[Programming question] enter a one-way linked list and output the last K nodes in the list.

Source: Internet
Author: User

13th questions (linked list ):
Question: enter a one-way linked list and output the k-th node in the list. The last 0th nodes of the linked list are linked lists.
The linked list node is defined as follows:
Struct listnode
Int m_nkey;
Listnode * m_pnext;


My idea: first flip the linked list, and then from the flip of the linked list head to the end of the number of K-1, return, flip the linked list again.

The Code is as follows: note that this idea is very poor. The reason for the difference is: If you only use the original method, first traverse the count, and then traverse and find the last K, you need to traverse twice. However, in my mind, if I flip the linked list twice, I have to traverse it twice. Also go to the K-1 step to find the last K. Tedious.

/* 13th question (linked list): Question: enter a one-way linked list and output the k-th node in the list. The last 0th nodes of the linked list are the tail pointer of the linked list. The linked list node is defined as follows: struct listnode {int m_nkey; listnode * m_pnext;}; Start time = 20: 40end time */# include <stdio. h> # include <stdlib. h> typedef struct listnode {int m_nkey; listnode * m_pnext;} listnode; listnode * reverselist (listnode * l) {listnode * PP = L; listnode * P = L-> m_pnext; PP-> m_pnext = NULL; while (P! = NULL) {listnode * P3 = p-> m_pnext; P-> m_pnext = pp; pp = P; P = P3;} return pp ;} listnode * getkthnodefromback (listnode * l, int K) {If (k = 0) return NULL; listnode * RL = reverselist (l); listnode * P = RL; for (INT I = 0; P! = NULL & I <K-1; I ++) // note that the detection K cannot exceed the length of the linked list, otherwise null {P = p-> m_pnext;} reverselist (RL) is returned ); return P;} void displaylist (listnode * l) {listnode * P = L; while (P! = NULL) {printf ("% d", p-> m_nkey); P = p-> m_pnext;} printf ("\ n ");} void createlist (listnode * & L) {int D; scanf ("% d", & D); If (D! = 0) {L = (listnode *) malloc (sizeof (listnode); L-> m_nkey = D; L-> m_pnext = NULL; createlist (L-> m_pnext) ;}} int main () {listnode * l = NULL; createlist (l); listnode * PK = getkthnodefromback (L, 3 ); displaylist (l); Return 0 ;}


Online thinking: http://blog.sina.com.cn/s/blog_60c8379d01013z0s.html

Analysis: Use two pointers: low and fast.

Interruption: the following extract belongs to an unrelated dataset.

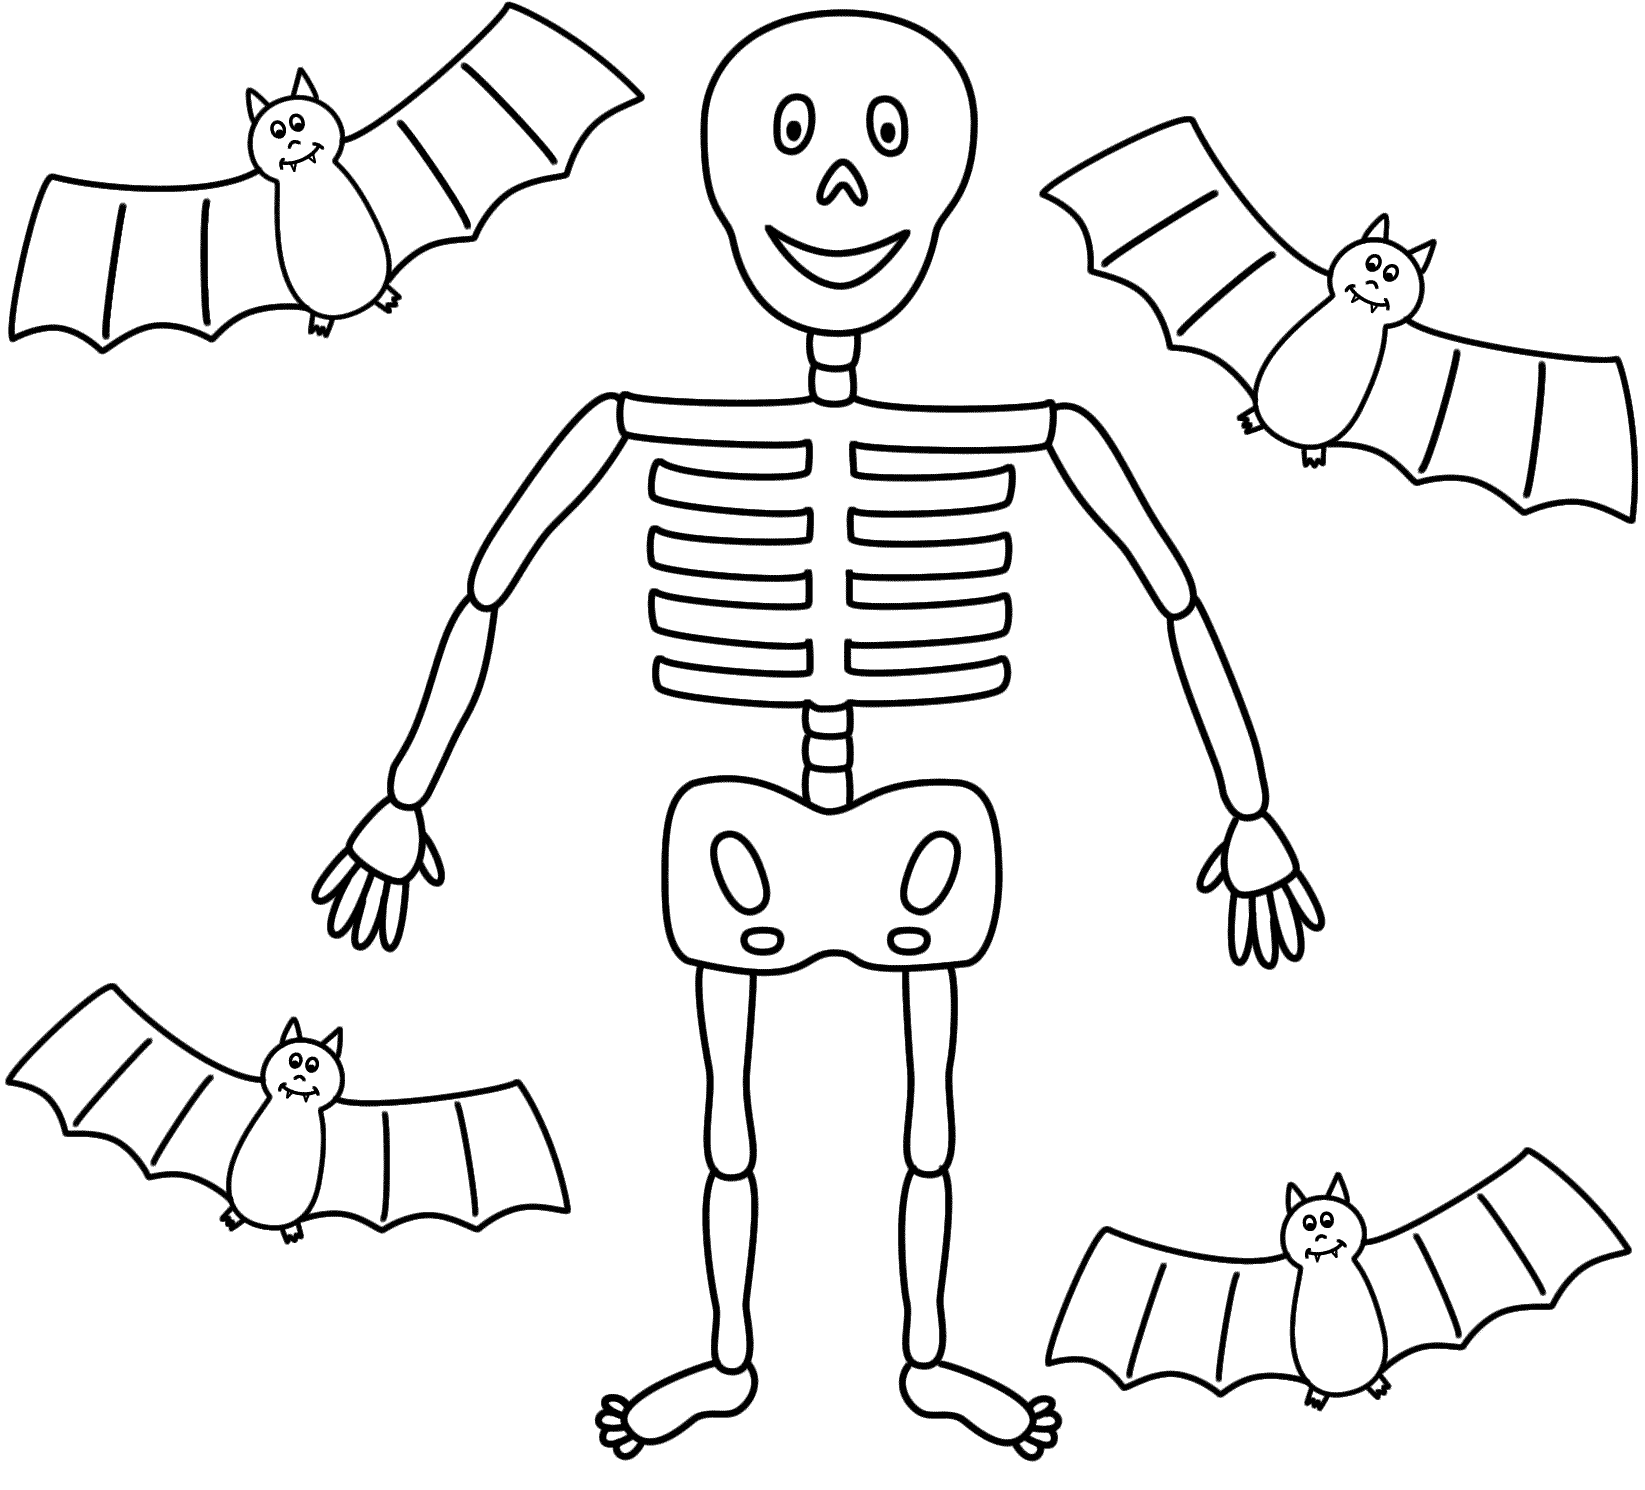 Blank Halloween Coloring Pages 7

First, point the fast pointer to the K element, and then low and fast traverse backward at the same time. When fast traverses to the end, low traverses the K at the bottom. Check whether the boundary and pointer are empty. Check whether K exceeds the length of the linked list.

LinkList.h #ifndef LINKLIST_H#define LINKLIST_H#include <stdlib.h>#include <stdio.h>#include <iostream>using namespace std;typedef struct node{int val;struct node *next;}node,*pNode;pNode CreateLinkList(pNode &T);pNode FindLastKth(pNode T,int k);#endifLinkList.cpp#include "LinkList.h"pNode CreateLinkList(pNode &T){int ival;cin>>ival;if(ival==0)return NULL;T = (pNode)malloc(sizeof(node));T->val = ival;T->next = NULL;T->next = CreateLinkList(T->next);return T;}pNode FindLastKth(pNode T,int k){pNode low=T,fast = T;for(int i=0;i<k&&fast!=NULL;i++){fast = fast->next;}if(fast == NULL)return NULL;while(fast!=NULL){fast = fast->next;low = low->next;}return low;}
Main.cpp#include "LinkList.h"void main(){pNode T;T = NULL;CreateLinkList(T);int k=3;pNode pnode;pnode = FindLastKth(T,k);cout<<pnode->val;system("pause");}


[Programming question] enter a one-way linked list and output the last K nodes in the list.

Contact Us

The content source of this page is from Internet, which doesn't represent Alibaba Cloud's opinion; products and services mentioned on that page don't have any relationship with Alibaba Cloud. If the content of the page makes you feel confusing, please write us an email, we will handle the problem within 5 days after receiving your email.

If you find any instances of plagiarism from the community, please send an email to: info-contact@alibabacloud.com and provide relevant evidence. A staff member will contact you within 5 working days.

A Free Trial That Lets You Build Big!

Start building with 50+ products and up to 12 months usage for Elastic Compute Service

  • Sales Support

    1 on 1 presale consultation

  • After-Sales Support

    24/7 Technical Support 6 Free Tickets per Quarter Faster Response

  • Alibaba Cloud offers highly flexible support services tailored to meet your exact needs.